**Data for this task:**
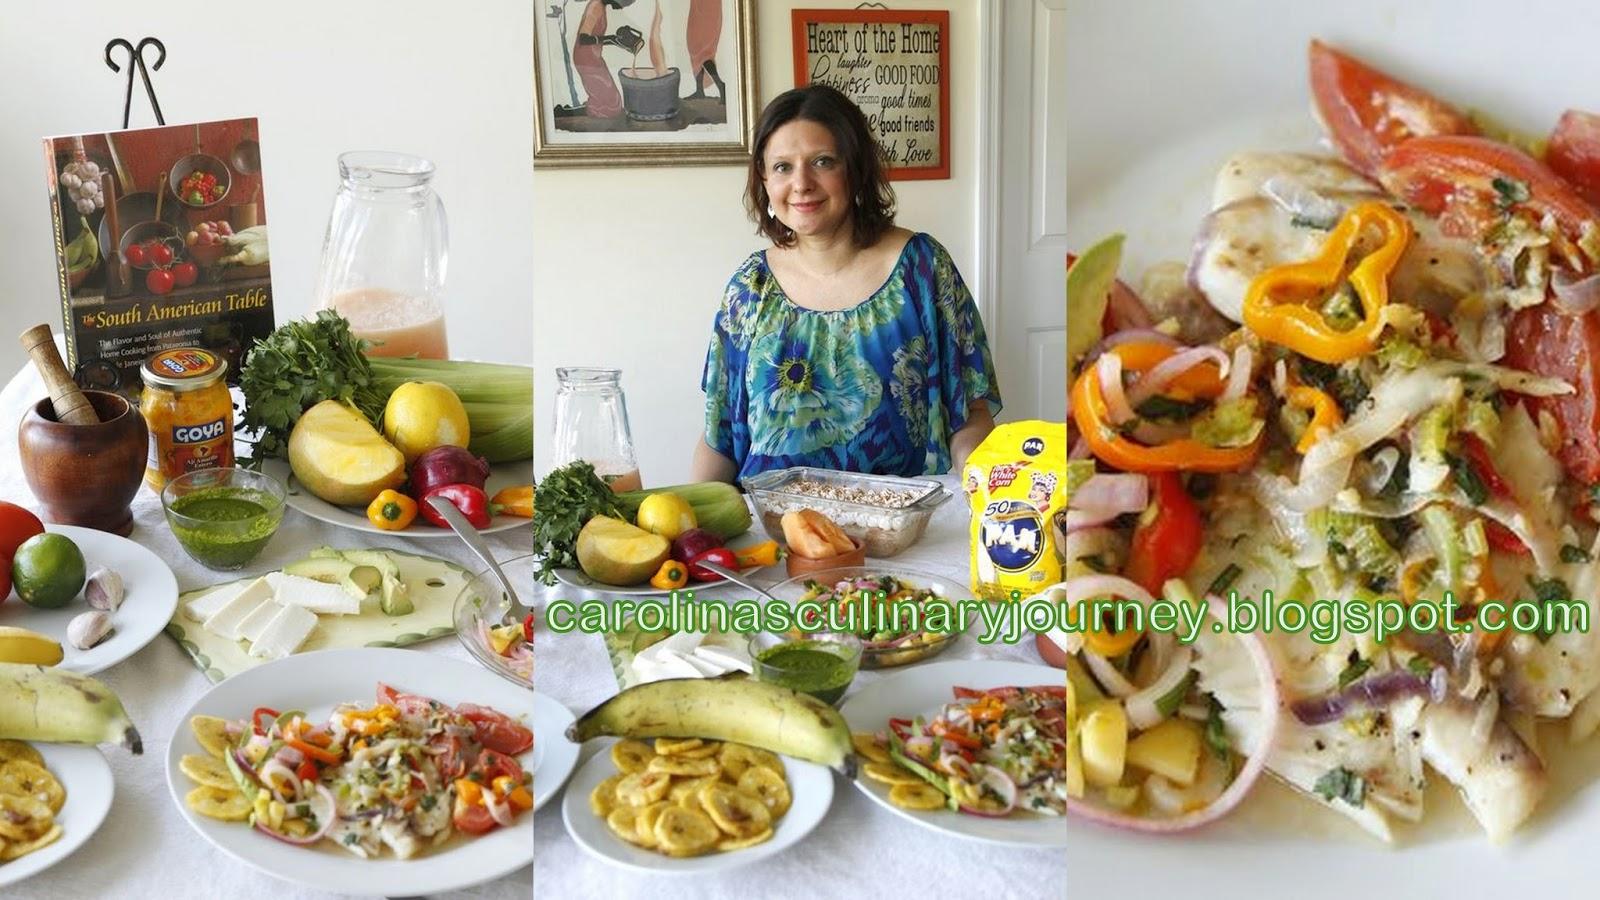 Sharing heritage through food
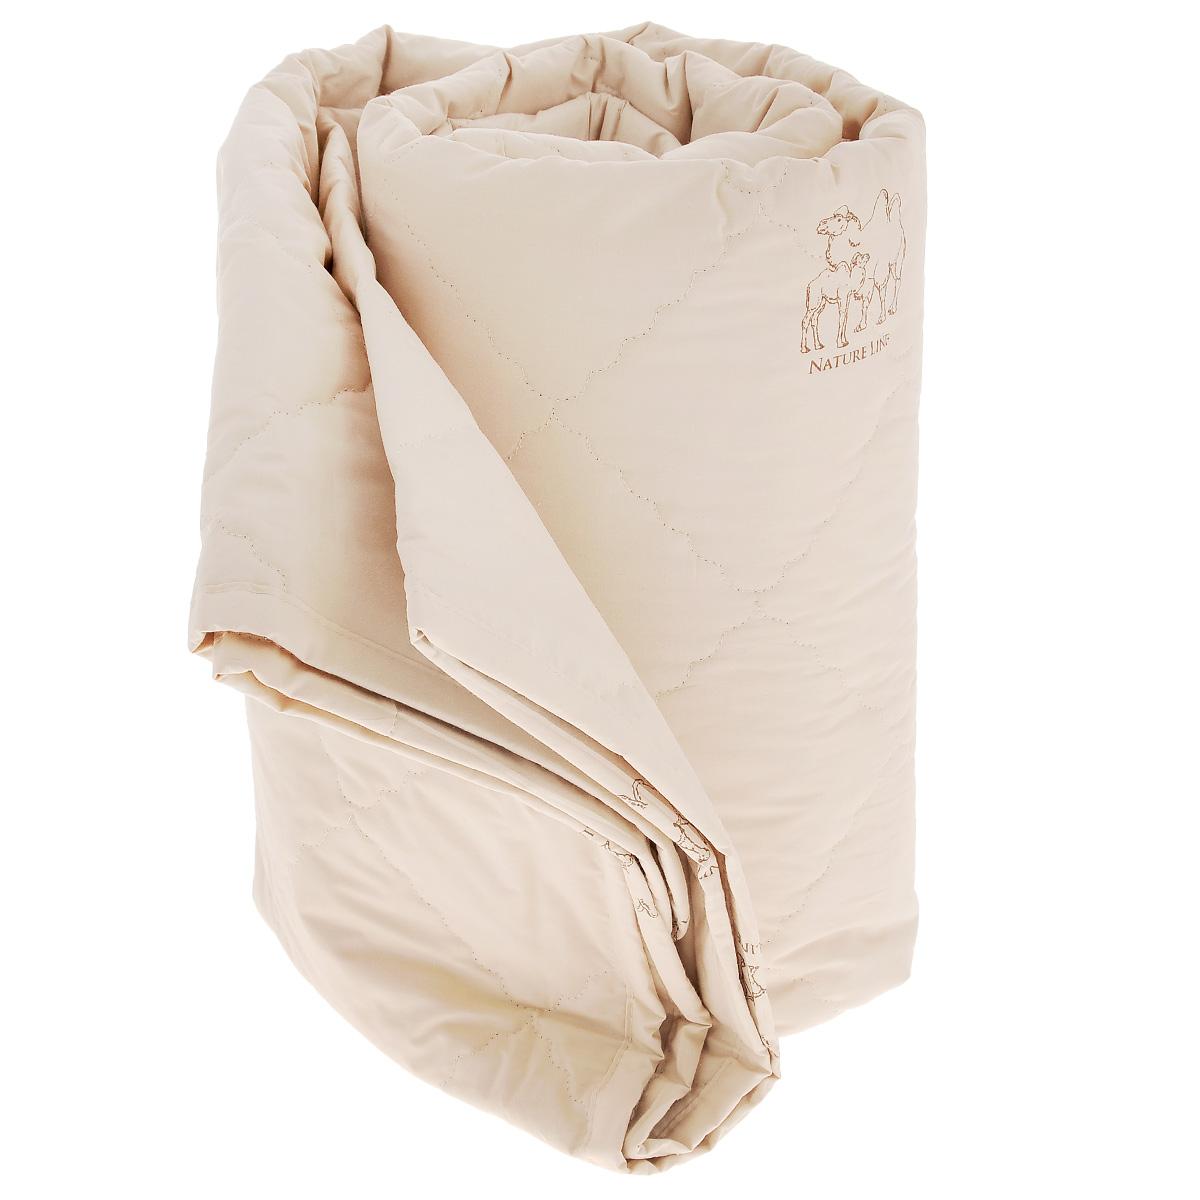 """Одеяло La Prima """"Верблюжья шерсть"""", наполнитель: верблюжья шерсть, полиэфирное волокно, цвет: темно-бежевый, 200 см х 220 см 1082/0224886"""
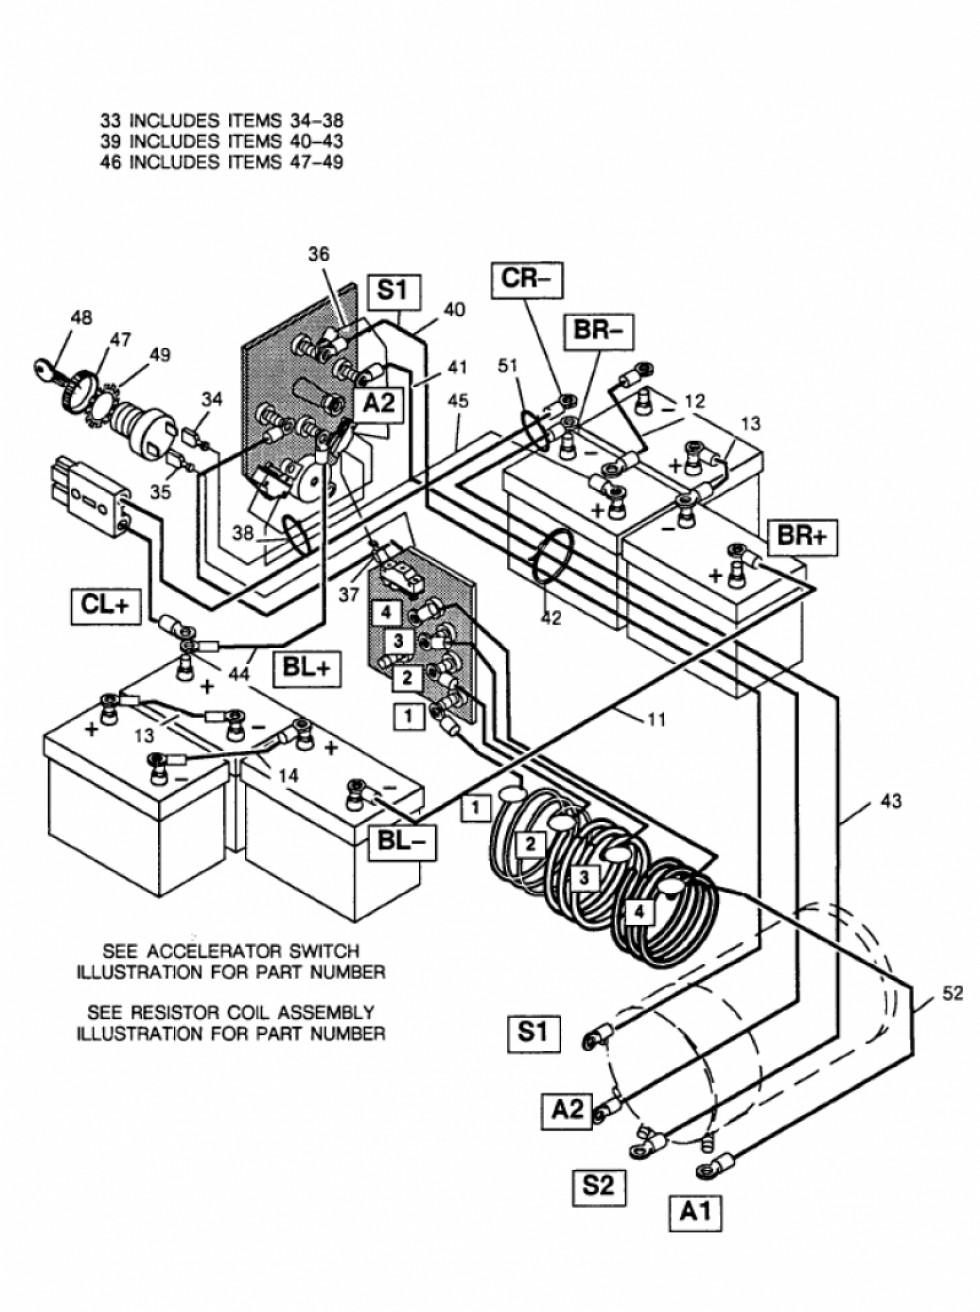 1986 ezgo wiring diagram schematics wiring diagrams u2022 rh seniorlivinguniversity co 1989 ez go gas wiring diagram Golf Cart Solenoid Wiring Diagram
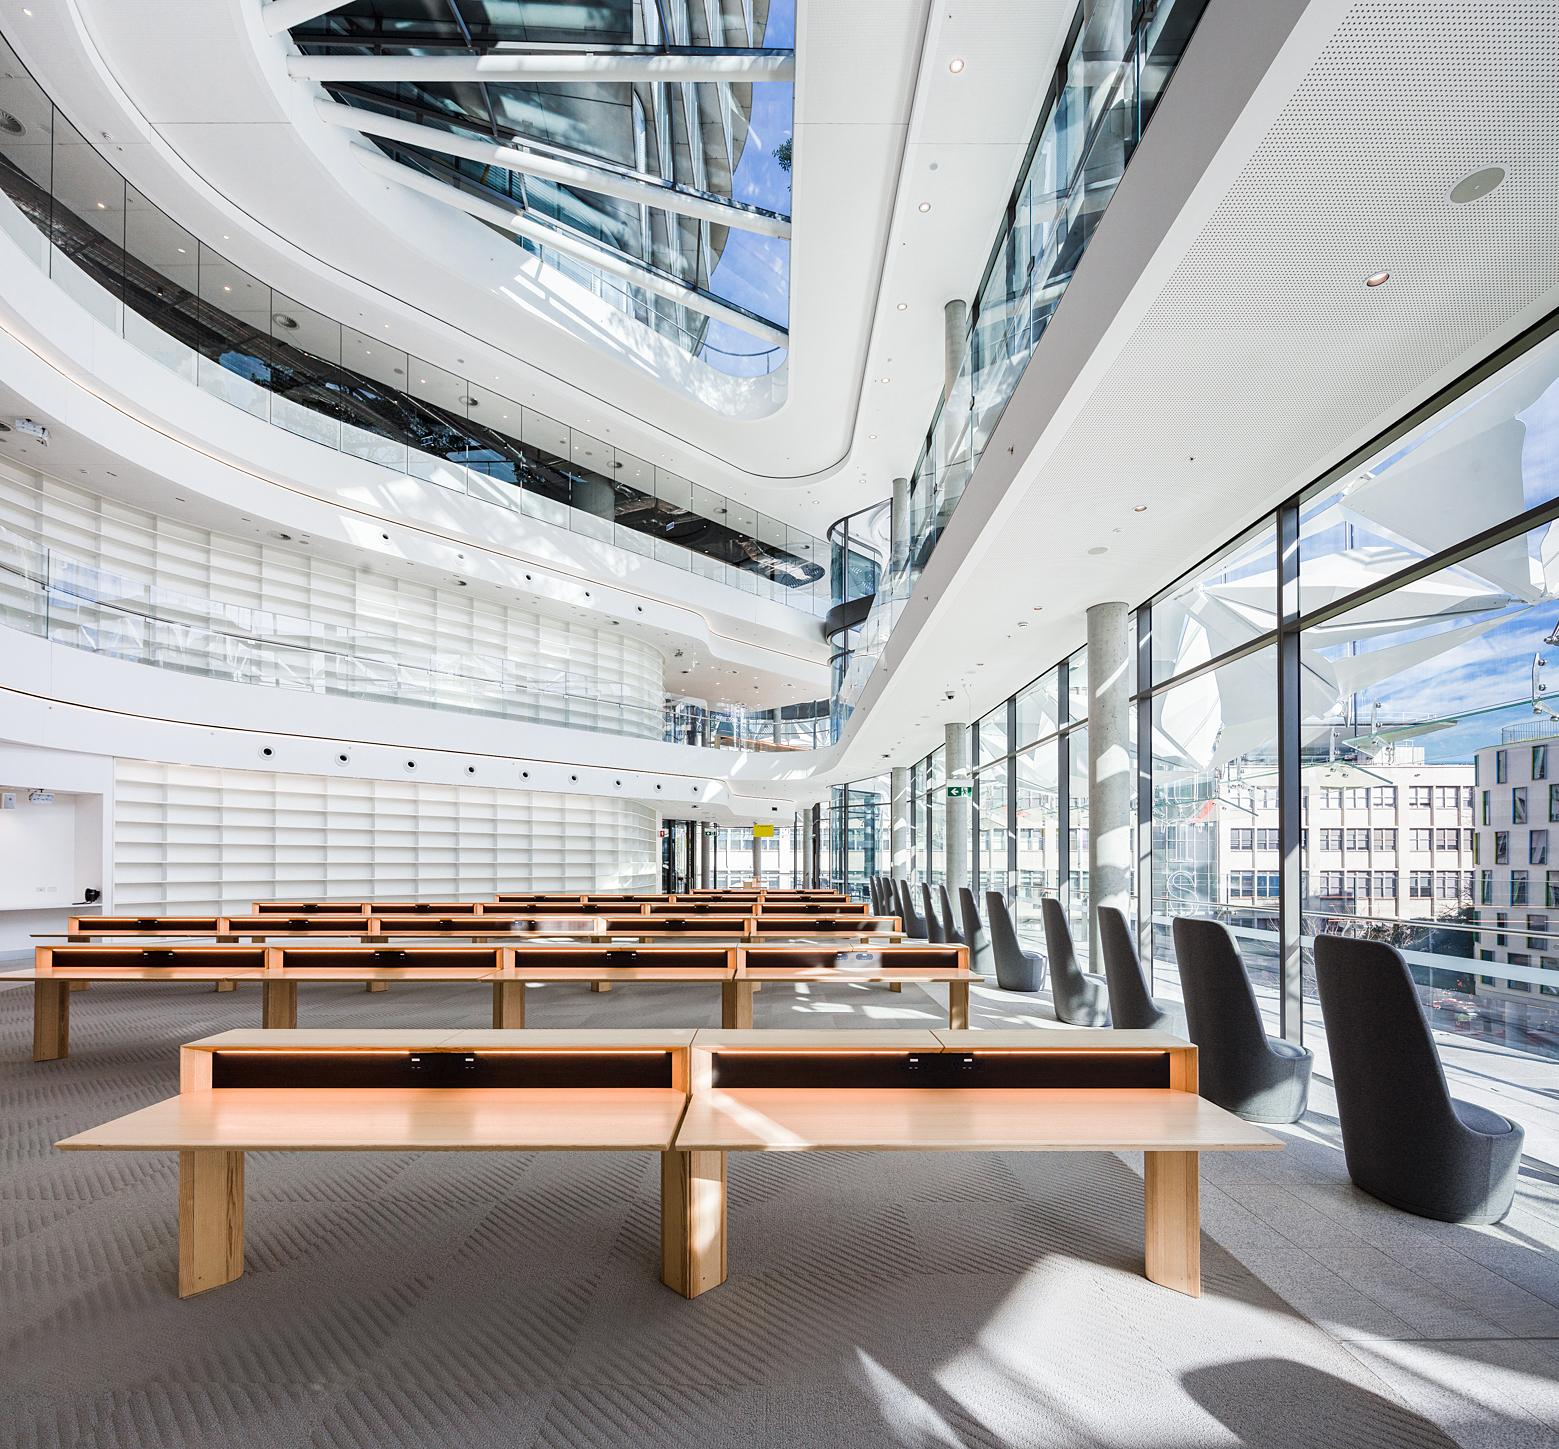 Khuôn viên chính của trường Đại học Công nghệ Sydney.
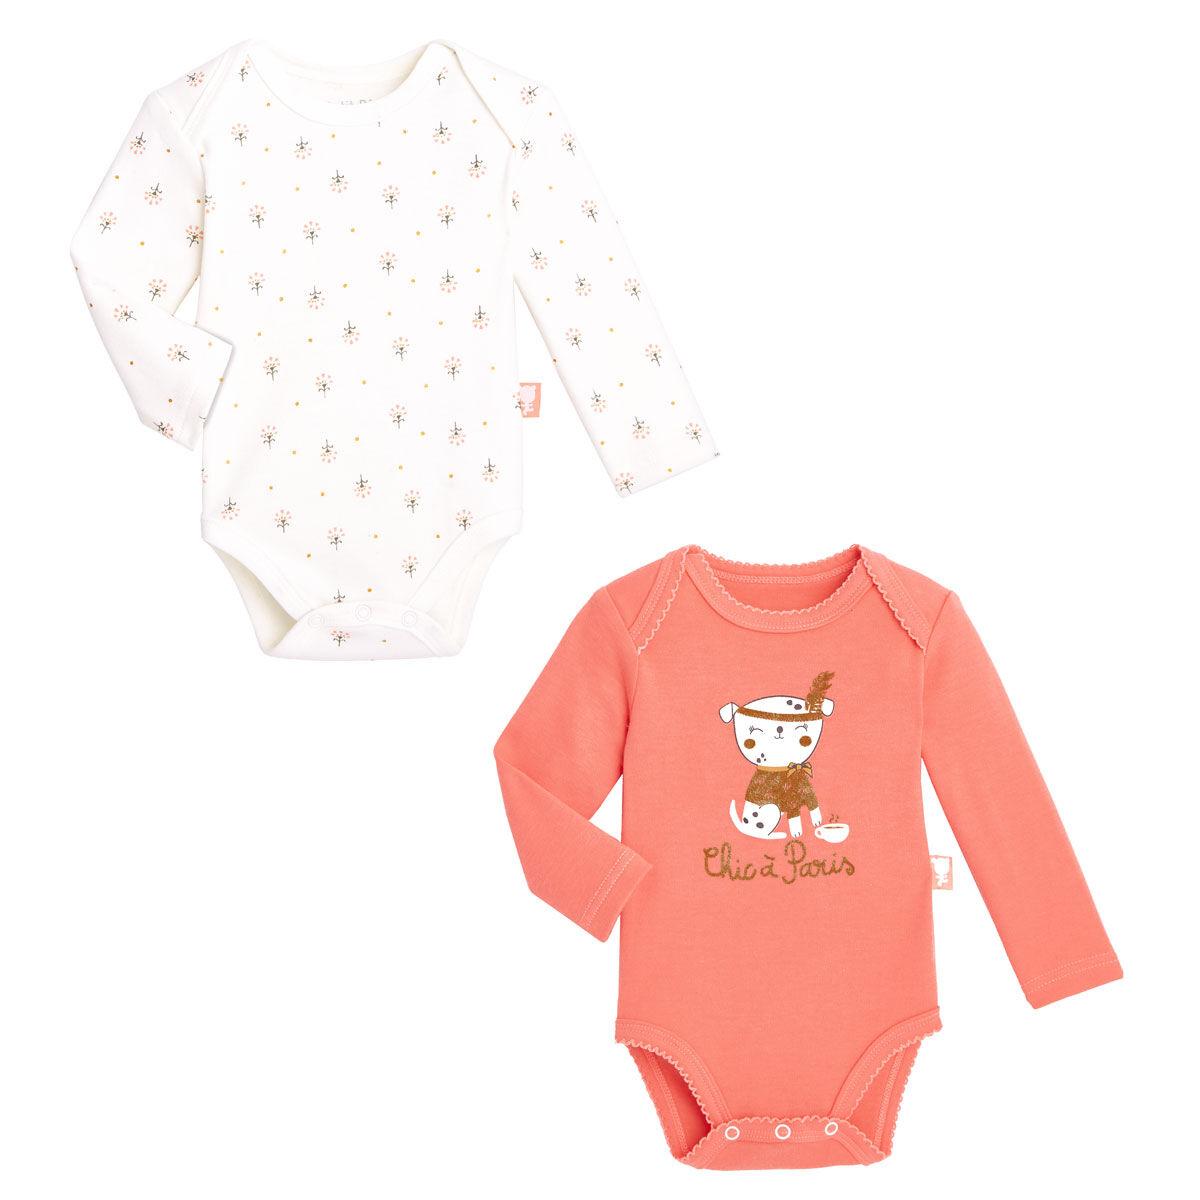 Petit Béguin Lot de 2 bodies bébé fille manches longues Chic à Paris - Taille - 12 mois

**The problem:** Could you copy each line above exactly as written, minus any pictures?

**Task response:**
 Sharing heritage through food
 """Одеяло La Prima """"Верблюжья шерсть"""", наполнитель: верблюжья шерсть, полиэфирное волокно, цвет: темно-бежевый, 200 см х 220 см 1082/0224886"""
 1986 ezgo wiring diagram schematics wiring diagrams u2022 rh seniorlivinguniversity co 1989 ez go gas wiring diagram Golf Cart Solenoid Wiring Diagram
 Khuôn viên chính của trường Đại học Công nghệ Sydney.
 Petit Béguin Lot de 2 bodies bébé fille manches longues Chic à Paris - Taille - 12 mois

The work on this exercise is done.